If we look at our society with an analytical eye, we would come to know that, subconsciously, we still consider the British culture superior to ours. We almost always look up to their culture, their lifestyle and their educational institutions and an average Pakistani would never want to let the chance of abandoning Pakistan for Britain slip out of their hand. Upon careful evaluation, we can come to the conclusion that the reasons for all these mishaps of our society are the very broken systems that the British made us the heir of; the very systems that, in seventy years, no Pakistani leader could find the time to alter.

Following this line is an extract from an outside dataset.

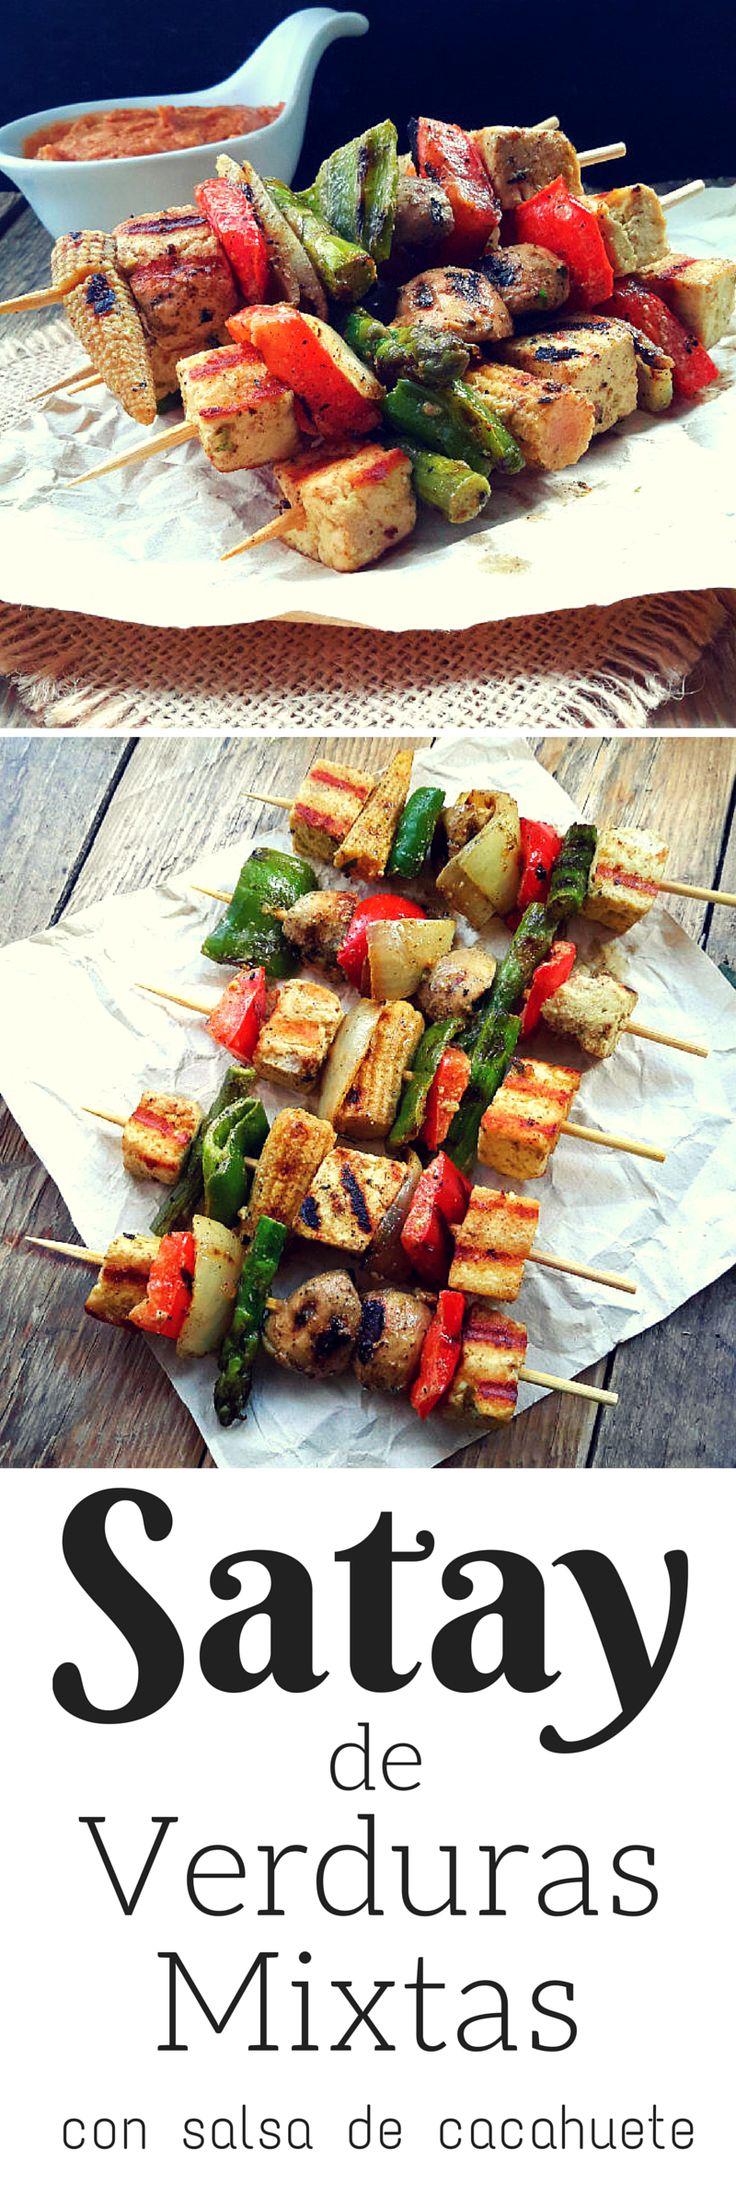 No hace falta que seas vegetariano/a para disfrutarte de estas deliciosas brochetas de verduras marinadas y asadas al estilo thai.
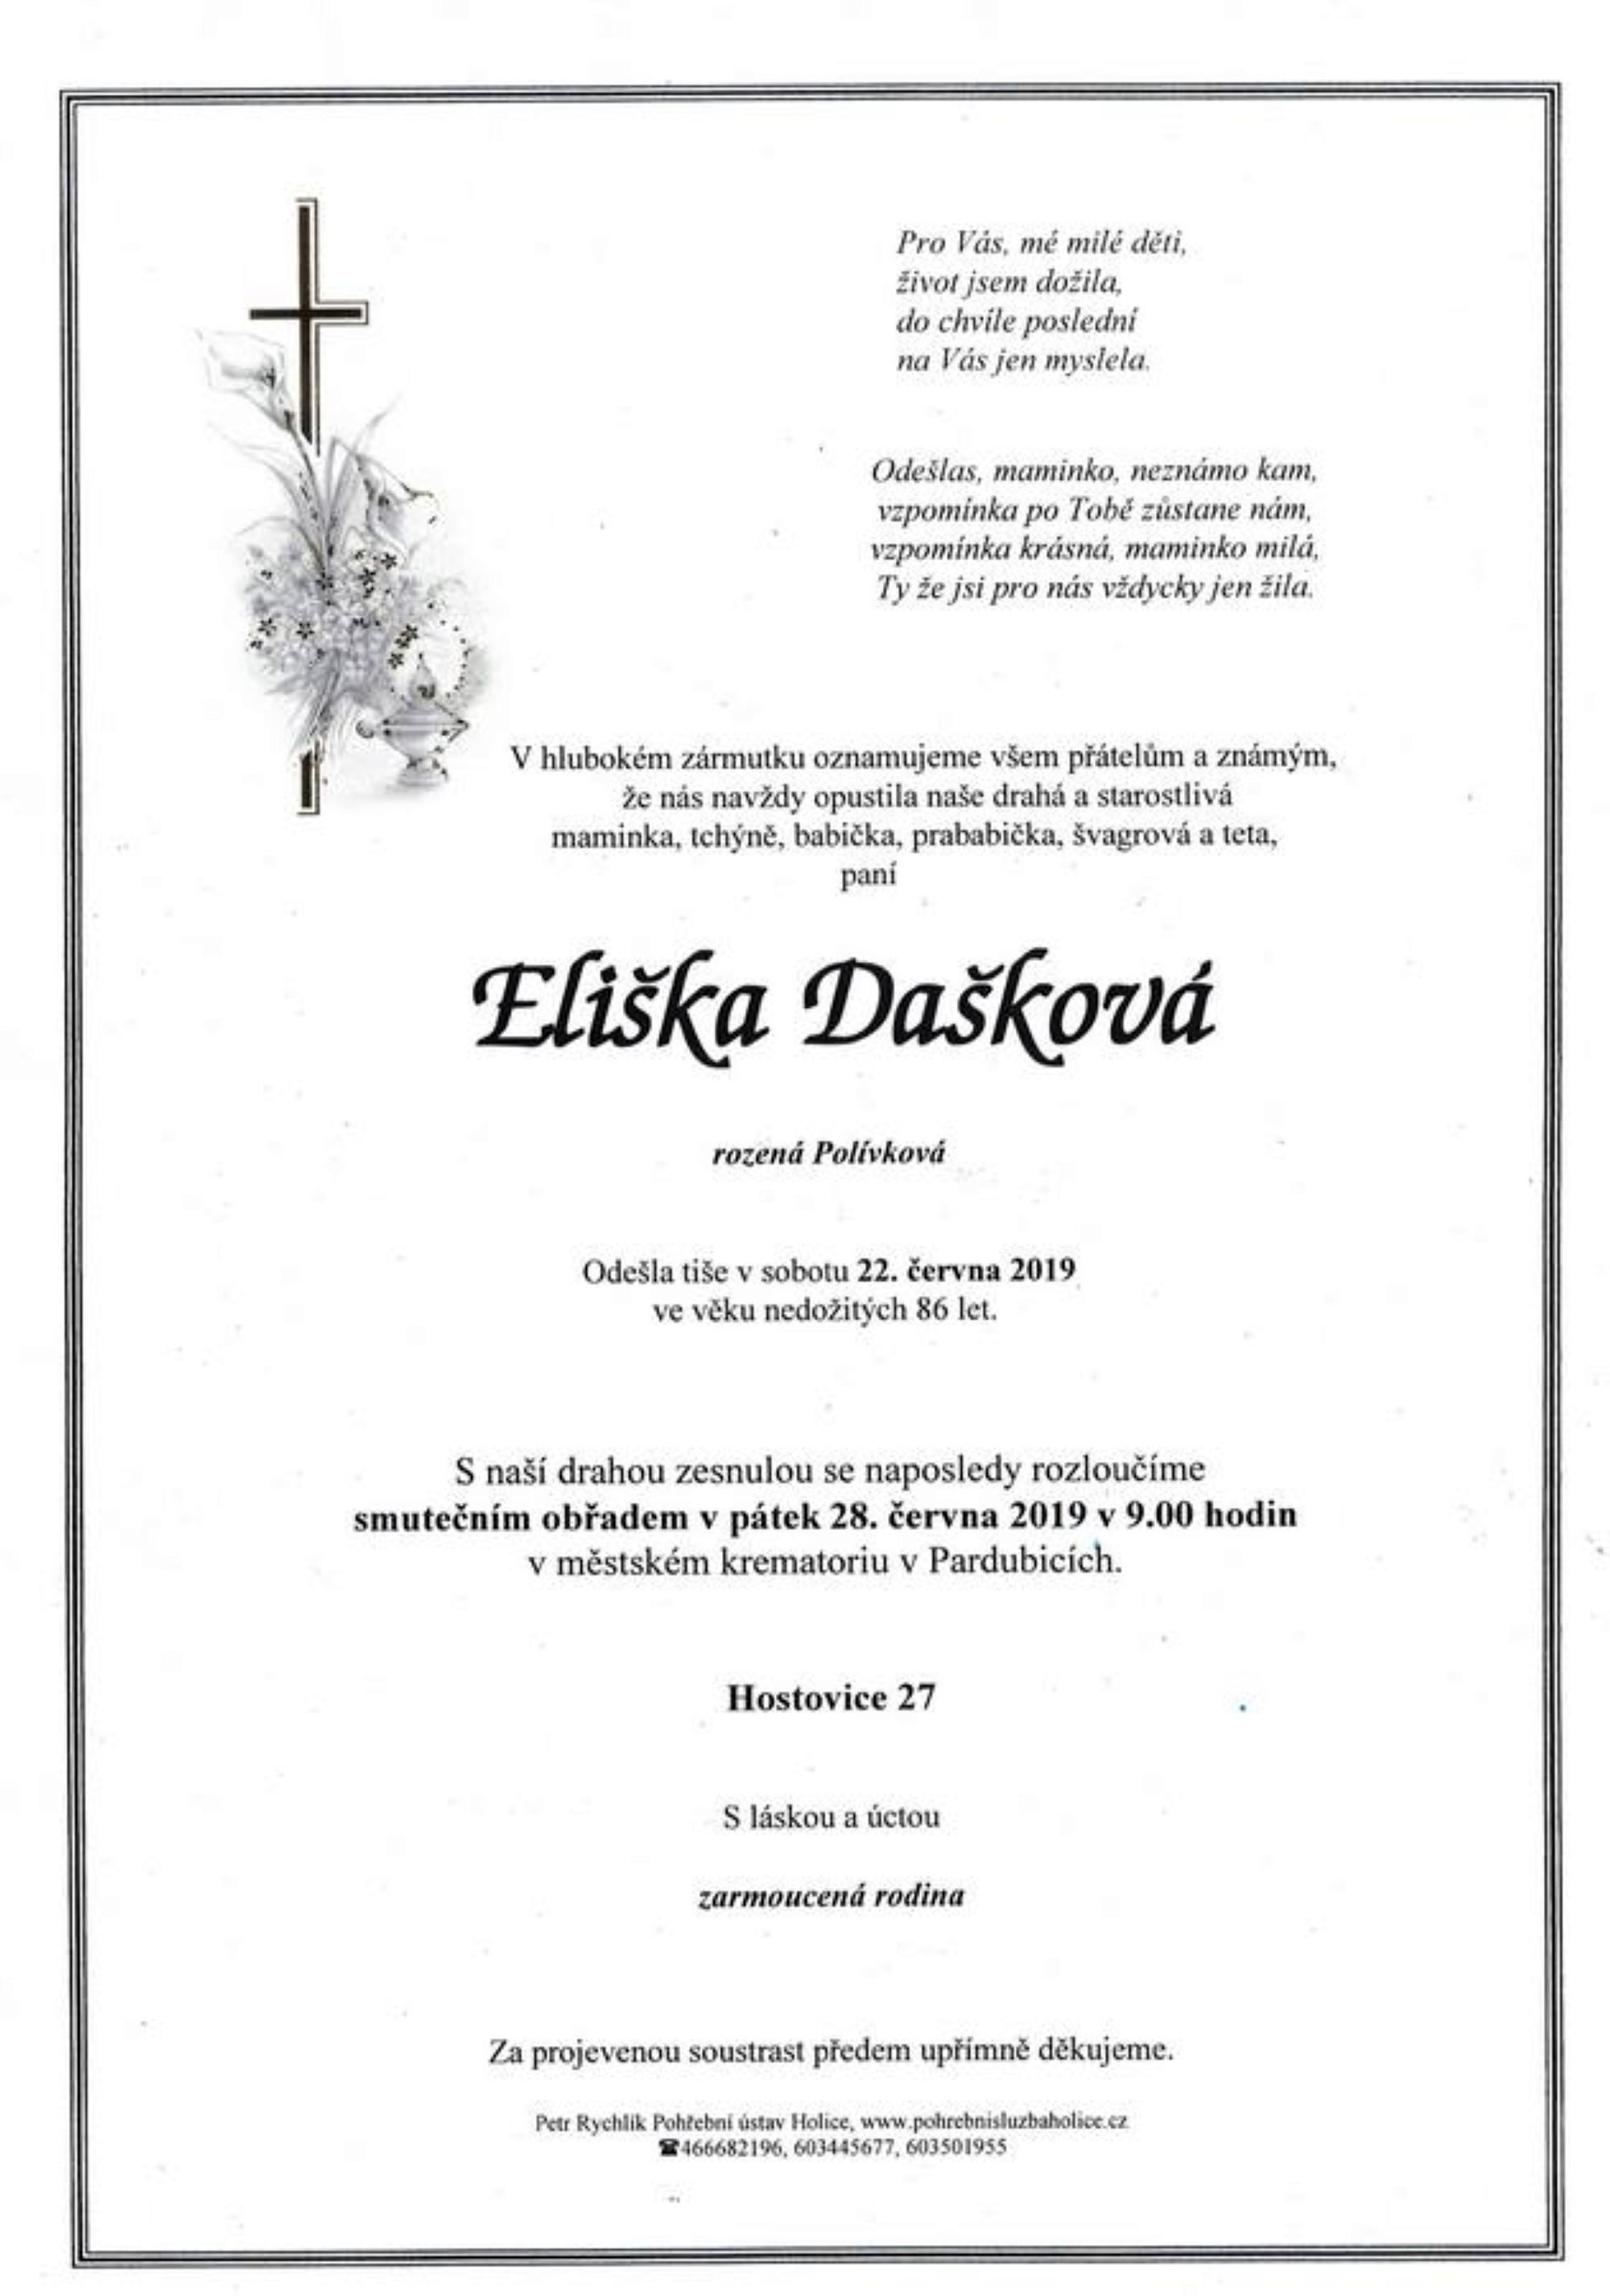 Eliška Dašková

Now, here we are, in the twenty-first century, our land free of white military men but our minds still overpowered by the systems created by white think tanks. The systems that educate us and abduct our minds to a world where everything white is superior, where everything western is stylish, everything Oxford is scholarly – and the worst of all – everything British is worth escaping Pakistan for.

It suffices to close this article stating that oppression does not necessarily need to be physical to be classified as so. It can come in other forms too, and the first step towards getting rid of it is to recognize it. Today, Pakistan is the target of a more widespread kind of oppression: mental – and the very systems left to us by Britain that we were too lazy to replace, are the strongholds of this oppression. With the current situation, it won’t matter if seventy years pass or seventy thousand: our minds will remain colonized by the same colonialists that left us in 1947.